Zoe Kahn hailed from an unfortunate section of Queens. A fact that she took no pains to hide. Humble beginnings looked great
when you made it big. And Zoe intended to make it. She owed it to God for the heavy dose of good looks and brains with which
he’d seen fit to endow her. And she was not afraid of hard work. Zoe feared nothing.
A handy trait given her current position as police beat reporter for the
Post.
And her intention to climb. Cable news contributor was the next logical step, and she’d been looking for a story that could
get her an invite to the talking-head circuit. She figured she might have found it.
Two fairly prominent homosexuals murdered in the city in the space of three days, and some sort of psycho ritual performed
on the bodies. Homosexual thrill killings à la Cunanan, or a serial’s opening gambit. Either way it was juicy, though the
serial angle had the better potential long term. Her headline this morning had screamed:
SERIAL KILLER STALKING CITY
’
S GAYS
? The question mark thrown in to cover her ass.
Her cell phone rang, sounding eerily in the basement garage.
“Here,” she spoke into the unit.
“He’s on his way down,” the voice said.
“Thanks.” She flipped the phone closed and nestled back into the shadow of a concrete pillar, going over the moves in her
head, the questions she wanted to ask. Not that she really expected Sakura to give her any real answers at this stage. She’d
been through this dance with him before. A former deputy commissioner’s daughter murdered with plenty of mayhem and sex in
suitably high places—a Special
Homicide Unit case that had made her reputation on the police beat. So in a way, she supposed, she owed Sakura. He had played
the case close but straight. He never lied, or even stretched the truth over-much. He just didn’t tell you a goddamn thing
until he was good and ready.
She knew his reputation with his men. Respected, if not beloved, for a harsh but scrupulous fairness, and a competence that
made everyone around him look good. Her own appraisal was a cold man, but not without his passions. His eyes betrayed him
with an intensity that could burn like dry ice. She’d felt their sting more than once. It was the same look he no doubt used
to intimidate police witnesses into silence with the press, with that spiel of his about obstruction of justice.
The elevator opened, disgorging passengers. She watched Sakura separate from the pack. His figure distinct. Ridiculously tall
for an Asian.
His height always surprised her, as if mentally she’d been trying to cut him down. Truth was, she found him attractive. Something
in that deliciously cruel mouth and the way he never seemed to notice that she was an extraordinarily beautiful woman. That
was the hook, the thing that got under her skin. She and Sakura were colleagues of a sort, both with their little tricks of
intimidation. Except that hers never seemed to work on him. She had a fantasy of interviewing him entirely in the nude. See
if he could ignore her obvious attributes then.
“Lieutenant Sakura.” She stepped out in front of him. “The Carrera-Milne murders. Is it your belief we’re dealing with a serial?”
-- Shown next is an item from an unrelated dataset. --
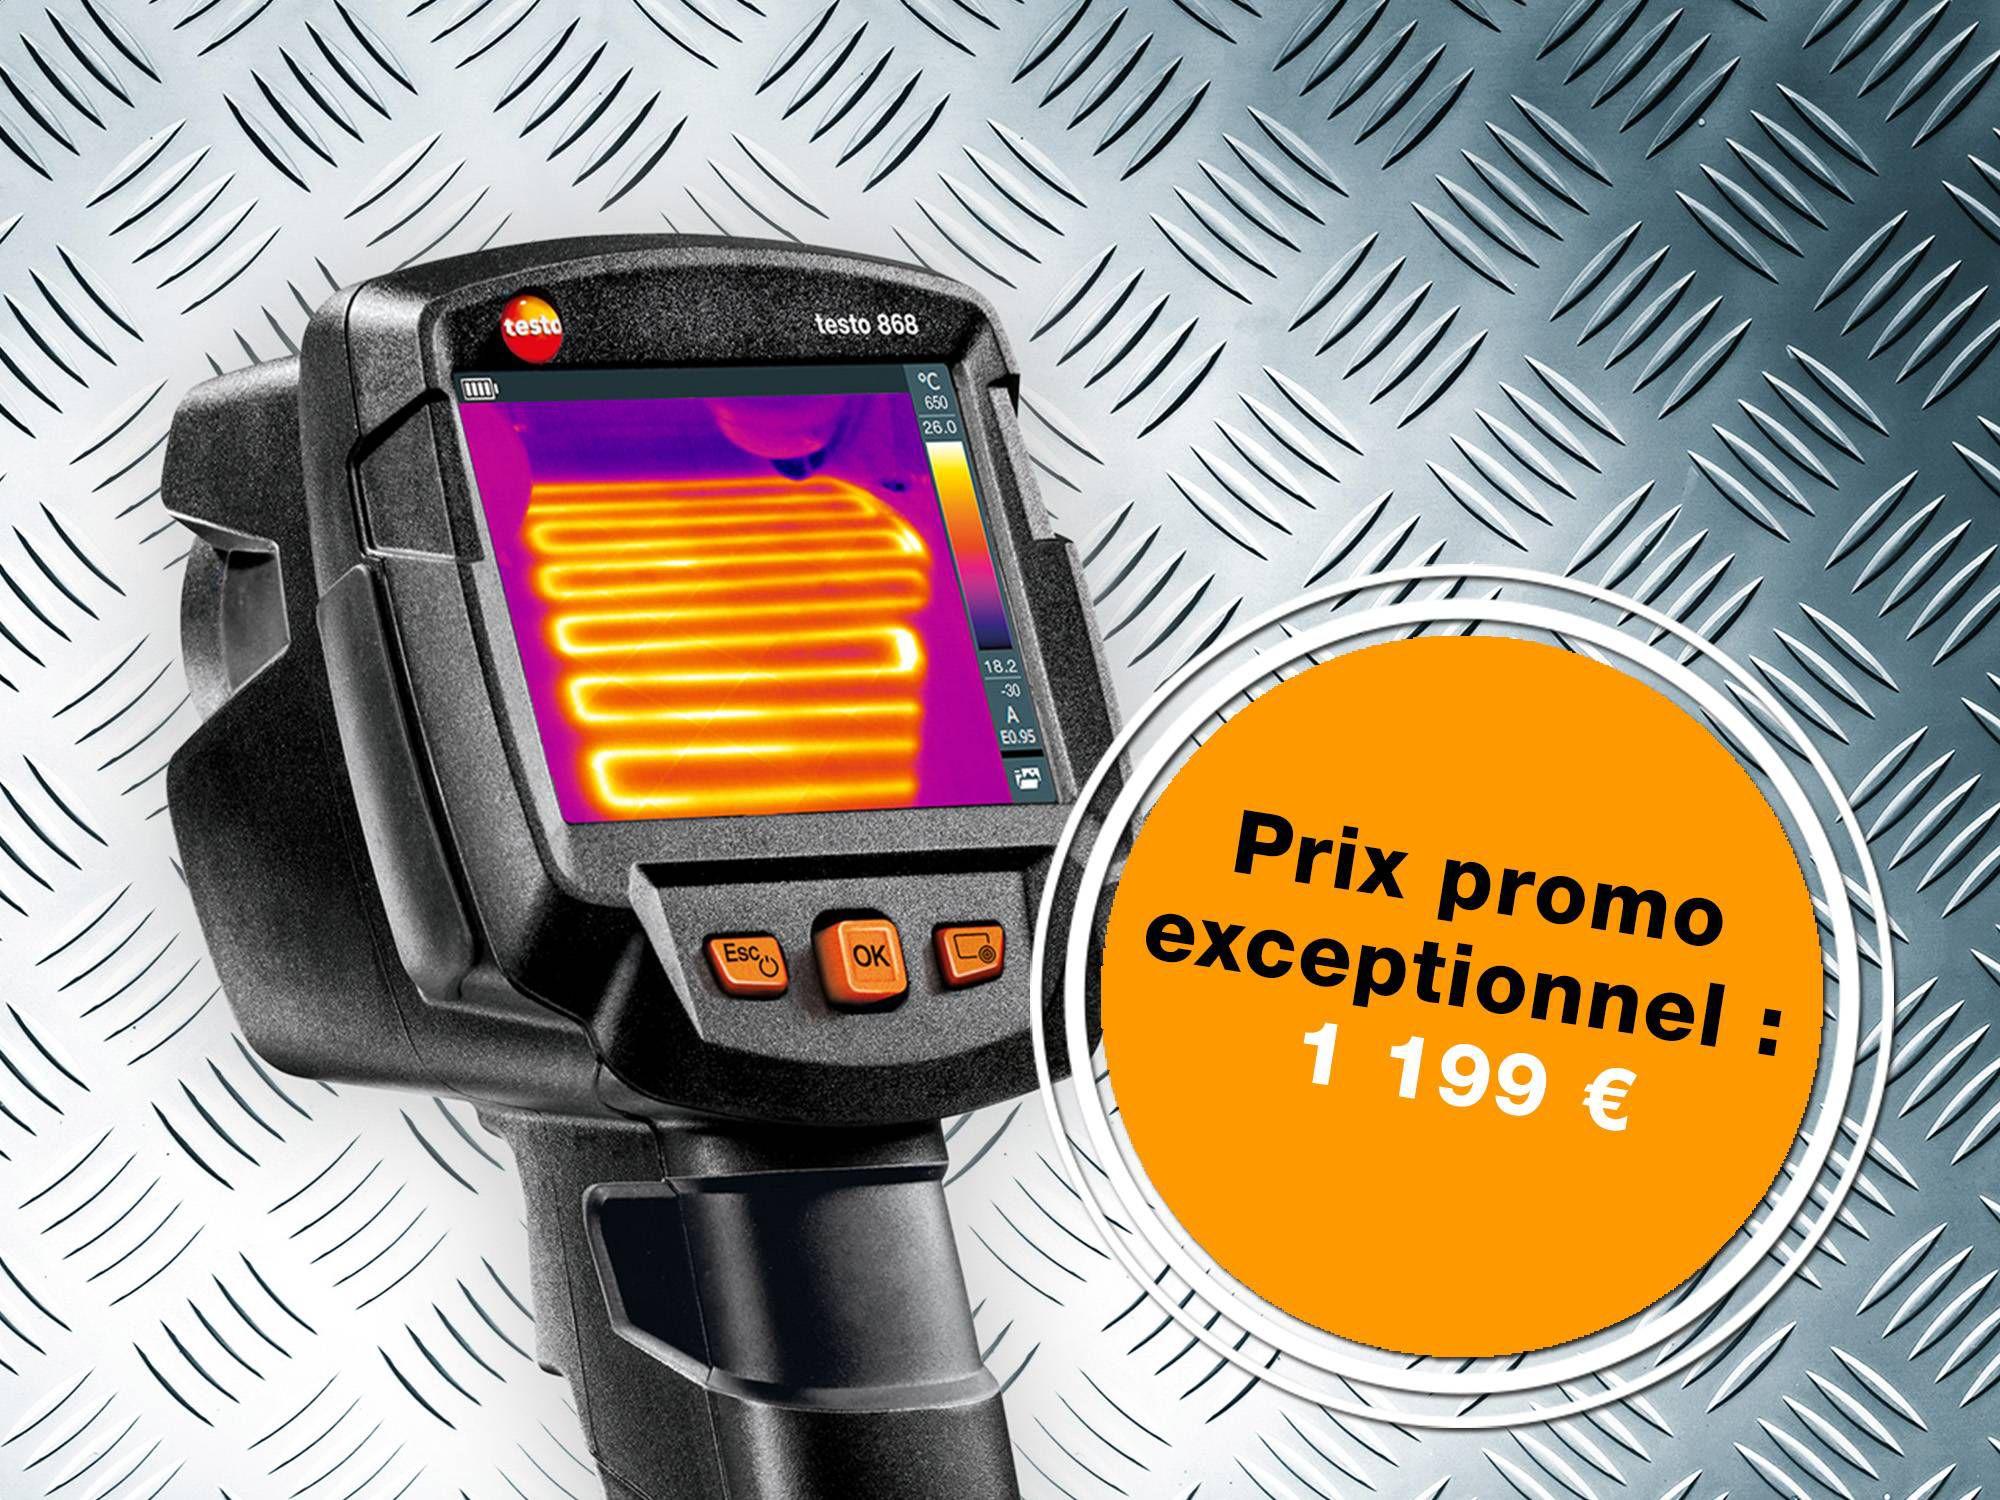 TI-promo-2020-teaser-868-2000x1500px-FR.jpg

To his credit, his reaction to her presence here was cool. He walked past her, shaking his head, as if her question itself
were foolish. “Your article this morning was premature, Ms. Kahn. We have two deaths. It’s simply your assumption they’re
related.”
“My article stated that the condition of both bodies suggested a ritualized murder of some kind.” She managed to match her
stride to his, despite the confines of her skirt. “Are you denying a ritual aspect to these deaths?”
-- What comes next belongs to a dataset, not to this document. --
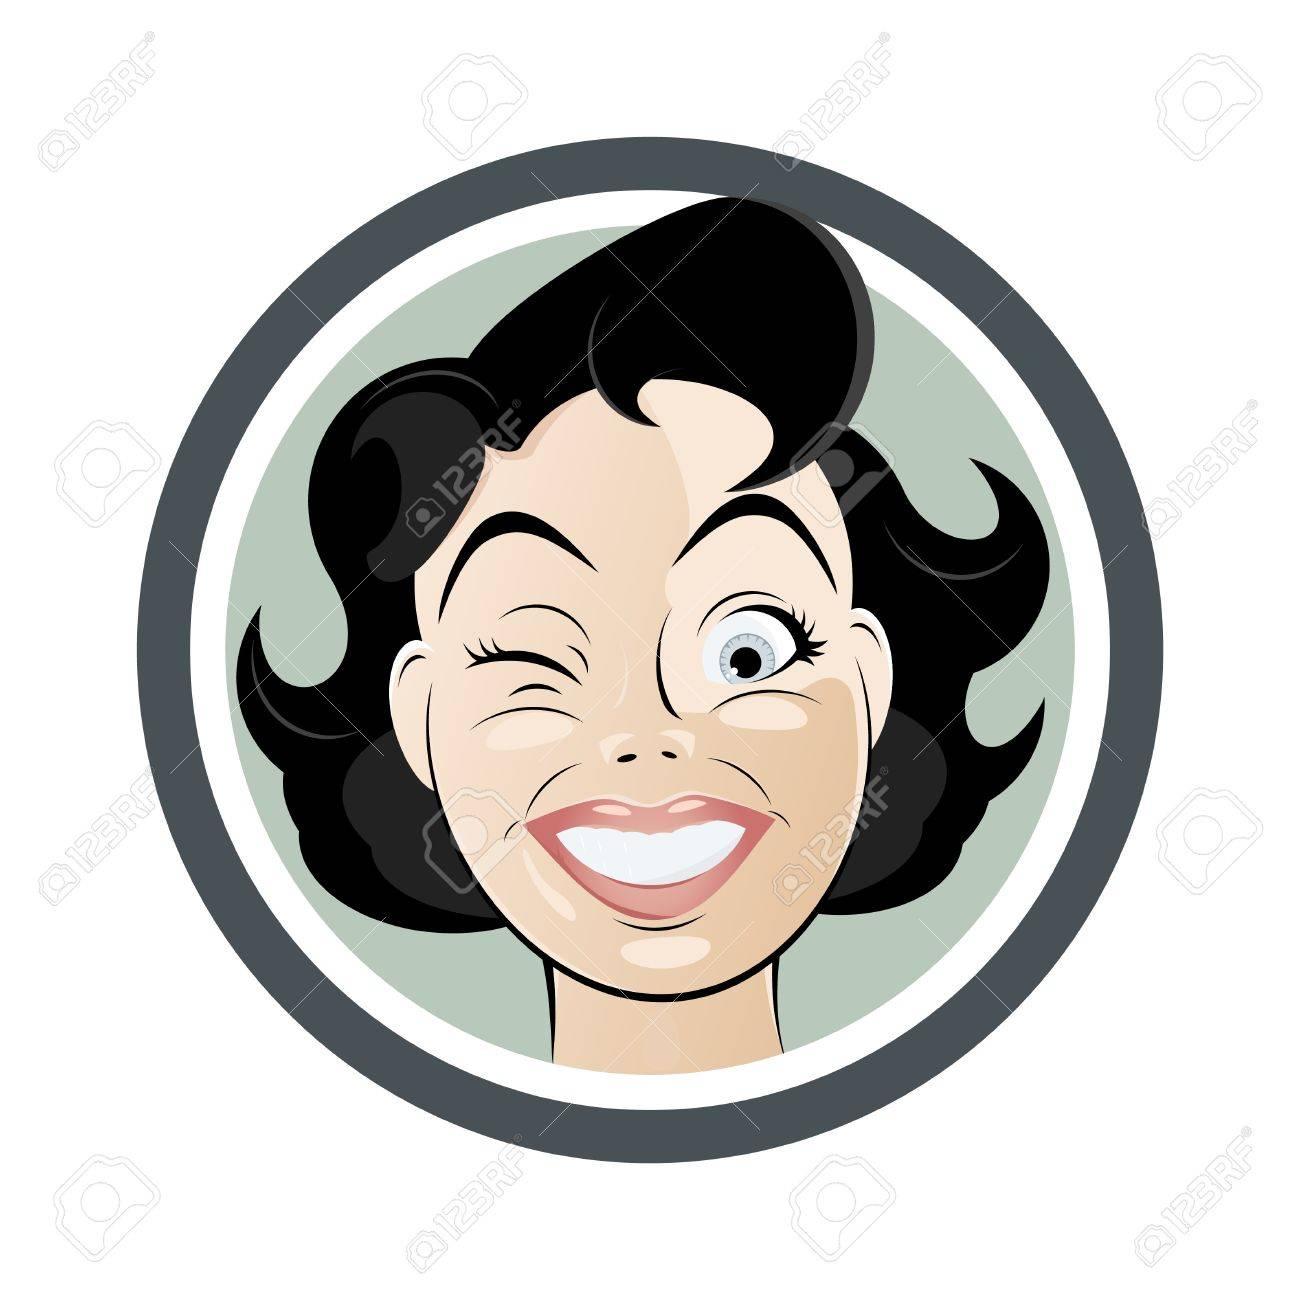 winking cartoon woman - 13206444

He had reached his car, and now he stopped and faced her. “I don’t know where you’re getting your information.”
She smiled. “But you’re not denying it’s accurate?”
His key was in his hand. He fitted it in the lock.
“What about the gay community?” she said to his back. “Don’t people have a right to be warned of the danger?”
“I feel certain, Ms. Kahn, that you’ll continue to take care of that.” He had spoken as he opened the door. He climbed in
while she continued to pepper him with questions.